[WHAT YOU SHOULD DO]
Produce an exact transcription of every entry.

+ + +

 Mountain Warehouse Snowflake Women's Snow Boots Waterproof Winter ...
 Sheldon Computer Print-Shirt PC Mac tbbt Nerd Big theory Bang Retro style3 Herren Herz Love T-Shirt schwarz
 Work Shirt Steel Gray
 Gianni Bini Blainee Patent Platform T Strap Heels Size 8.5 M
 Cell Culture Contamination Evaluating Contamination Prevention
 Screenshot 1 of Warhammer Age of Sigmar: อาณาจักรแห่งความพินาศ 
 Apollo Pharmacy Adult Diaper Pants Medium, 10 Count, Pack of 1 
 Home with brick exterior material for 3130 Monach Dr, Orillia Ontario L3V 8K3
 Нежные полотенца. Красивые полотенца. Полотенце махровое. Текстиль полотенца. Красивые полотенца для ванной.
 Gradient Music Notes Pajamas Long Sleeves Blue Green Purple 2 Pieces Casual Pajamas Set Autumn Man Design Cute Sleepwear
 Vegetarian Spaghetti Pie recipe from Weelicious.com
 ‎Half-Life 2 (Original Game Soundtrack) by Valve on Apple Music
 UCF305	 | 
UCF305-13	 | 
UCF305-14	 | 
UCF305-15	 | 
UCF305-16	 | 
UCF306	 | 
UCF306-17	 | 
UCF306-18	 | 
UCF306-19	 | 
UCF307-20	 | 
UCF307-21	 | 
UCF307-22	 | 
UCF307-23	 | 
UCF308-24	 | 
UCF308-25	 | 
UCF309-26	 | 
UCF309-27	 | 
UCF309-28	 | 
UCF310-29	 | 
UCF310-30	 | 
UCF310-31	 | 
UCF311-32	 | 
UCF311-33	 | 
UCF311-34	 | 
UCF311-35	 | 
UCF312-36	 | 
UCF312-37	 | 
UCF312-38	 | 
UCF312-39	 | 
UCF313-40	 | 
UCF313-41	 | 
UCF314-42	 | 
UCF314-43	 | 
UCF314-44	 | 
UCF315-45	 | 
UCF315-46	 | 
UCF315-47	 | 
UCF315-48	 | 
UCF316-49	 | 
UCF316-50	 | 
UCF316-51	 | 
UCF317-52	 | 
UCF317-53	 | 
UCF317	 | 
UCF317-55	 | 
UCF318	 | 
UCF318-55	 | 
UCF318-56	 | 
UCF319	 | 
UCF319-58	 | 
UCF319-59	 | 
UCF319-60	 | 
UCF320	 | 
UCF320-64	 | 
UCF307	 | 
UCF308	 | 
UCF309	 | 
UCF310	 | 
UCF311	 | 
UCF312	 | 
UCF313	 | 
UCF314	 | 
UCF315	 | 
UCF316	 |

+ + +

[ANSWER TO THIS TASK]
 Mountain Warehouse Snowflake Women's Snow Boots Waterproof Winter ...
 Sheldon Computer Print-Shirt PC Mac tbbt Nerd Big theory Bang Retro style3 Herren Herz Love T-Shirt schwarz
 Work Shirt Steel Gray
 Gianni Bini Blainee Patent Platform T Strap Heels Size 8.5 M
 Cell Culture Contamination Evaluating Contamination Prevention
 Screenshot 1 of Warhammer Age of Sigmar: อาณาจักรแห่งความพินาศ 
 Apollo Pharmacy Adult Diaper Pants Medium, 10 Count, Pack of 1 
 Home with brick exterior material for 3130 Monach Dr, Orillia Ontario L3V 8K3
 Нежные полотенца. Красивые полотенца. Полотенце махровое. Текстиль полотенца. Красивые полотенца для ванной.
 Gradient Music Notes Pajamas Long Sleeves Blue Green Purple 2 Pieces Casual Pajamas Set Autumn Man Design Cute Sleepwear
 Vegetarian Spaghetti Pie recipe from Weelicious.com
 ‎Half-Life 2 (Original Game Soundtrack) by Valve on Apple Music
 UCF305	 | 
UCF305-13	 | 
UCF305-14	 | 
UCF305-15	 | 
UCF305-16	 | 
UCF306	 | 
UCF306-17	 | 
UCF306-18	 | 
UCF306-19	 | 
UCF307-20	 | 
UCF307-21	 | 
UCF307-22	 | 
UCF307-23	 | 
UCF308-24	 | 
UCF308-25	 | 
UCF309-26	 | 
UCF309-27	 | 
UCF309-28	 | 
UCF310-29	 | 
UCF310-30	 | 
UCF310-31	 | 
UCF311-32	 | 
UCF311-33	 | 
UCF311-34	 | 
UCF311-35	 | 
UCF312-36	 | 
UCF312-37	 | 
UCF312-38	 | 
UCF312-39	 | 
UCF313-40	 | 
UCF313-41	 | 
UCF314-42	 | 
UCF314-43	 | 
UCF314-44	 | 
UCF315-45	 | 
UCF315-46	 | 
UCF315-47	 | 
UCF315-48	 | 
UCF316-49	 | 
UCF316-50	 | 
UCF316-51	 | 
UCF317-52	 | 
UCF317-53	 | 
UCF317	 | 
UCF317-55	 | 
UCF318	 | 
UCF318-55	 | 
UCF318-56	 | 
UCF319	 | 
UCF319-58	 | 
UCF319-59	 | 
UCF319-60	 | 
UCF320	 | 
UCF320-64	 | 
UCF307	 | 
UCF308	 | 
UCF309	 | 
UCF310	 | 
UCF311	 | 
UCF312	 | 
UCF313	 | 
UCF314	 | 
UCF315	 | 
UCF316	 |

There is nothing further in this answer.